法律上、裁判で離婚できるケースは限られています。

民法が定める「法律上の離婚理由」がないと裁判の判決によって離婚が認められません

法律上の離婚理由の1つに「婚姻関係を継続し難い重大な事由(夫婦関係の破綻)」があります。

これはいったいどういった場合なのでしょうか。

今回は「夫婦関係が破綻」して裁判で離婚できるケースについて、弁護士が解説していきます。

夫婦関係の破綻

民法が認める法律上の離婚理由5つ

日本で離婚するには

「協議離婚」
「調停離婚」
「裁判離婚」

の3種類の方法があります。

これらのうち「協議離婚」、「調停離婚」では特別な「離婚理由」は不要で、両者が合意さえすれば離婚できます

一方が離婚に応じない場合には離婚訴訟(裁判)で離婚を認めてもらう必要があります

そのときには「法律上の離婚理由」がないと離婚が認められません。

民法が定める法律上の離婚理由は以下の5つです(民法第770条第1項)。

(1) 不貞

いわゆる不倫のことです。

(2) 悪意の遺棄

病気等により就労困難な配偶者に対する生活費不払いや家出、同居拒否などにより故意による遺棄が認定されるケースです。

(3) 3年以上の生死不明

相手が3年以上生死不明の状態であれば離婚が認められます。

(4) 回復しがたい精神病

相手が強度な精神病で回復見込みがないというだけで離婚が認容されるという訳ではありません

これまで献身的に介護してきており、今後も可能な範囲で援助をする意思がある等、病者である相手の将来の生活の見込みが一定程度立つケースでは離婚が認められる可能性があります。

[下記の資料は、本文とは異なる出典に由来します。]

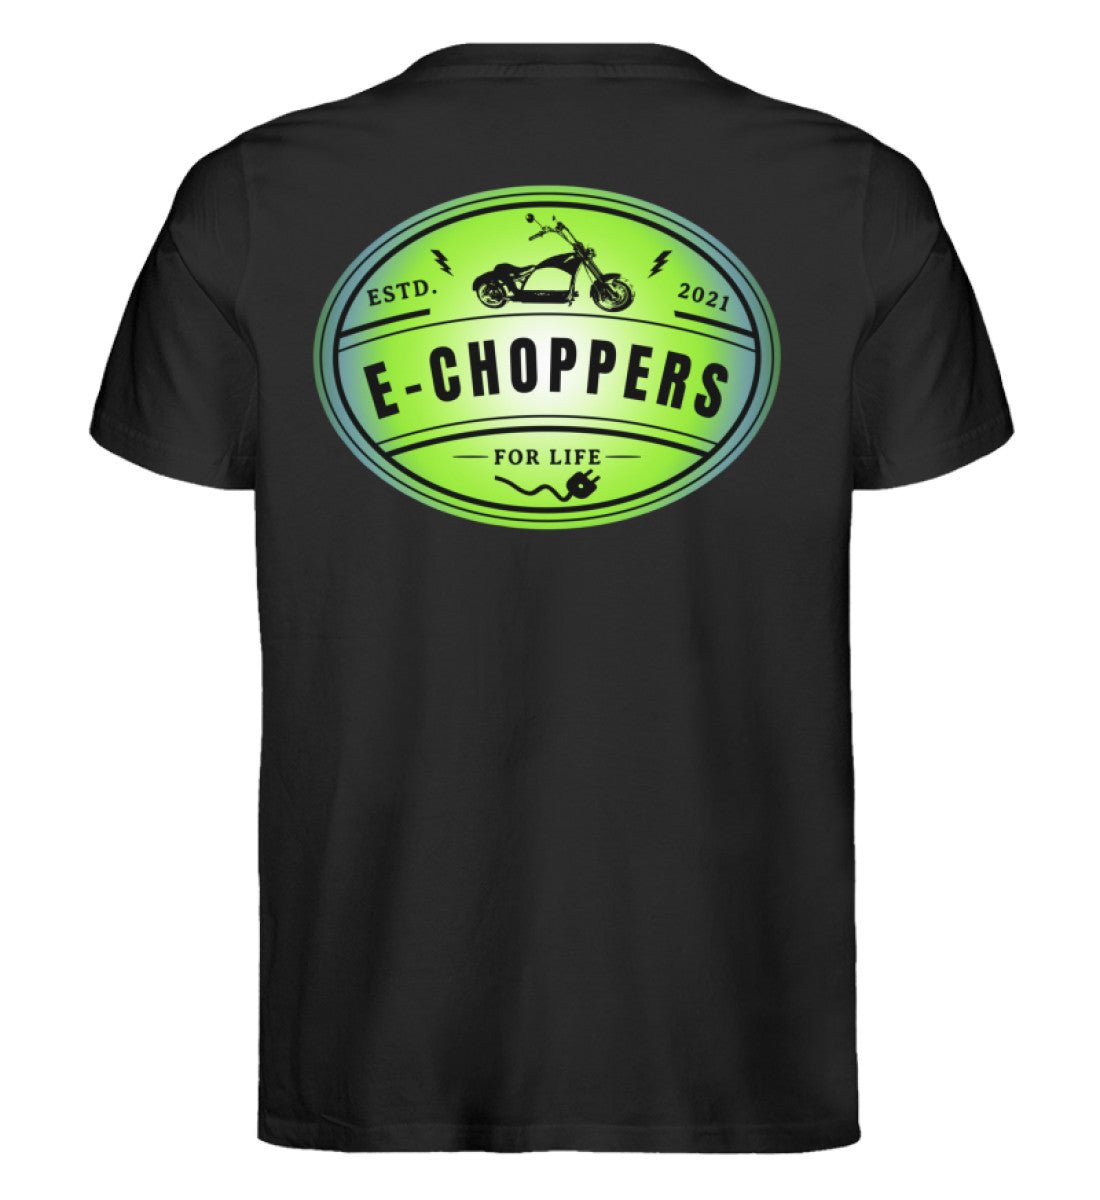 Zeige deine Leidenschaft: Das E-Chopper Premium Bio T-Shirt

(5) 婚姻関係を継続し難い重大な事由(夫婦関係の破綻)

上記の4つに直接該当しなくても、夫婦関係が破綻していて修復見込みがないケースでは離婚が認められます。

これを、「婚姻関係を継続しがたい重大な事由があるとき」(民法第770条第1項第5号)といいます。

婚姻関係を継続しがたい重大な事由

「婚姻関係を継続し難い重大な事由」の意味

ではどういったケースで「婚姻関係を継続し難い重大な事由」が認められて裁判離婚できるのでしょうか。

民法の定める「婚姻関係を継続し難い重大な事由」は、それ以外の4つの理由に準じる重大なものです。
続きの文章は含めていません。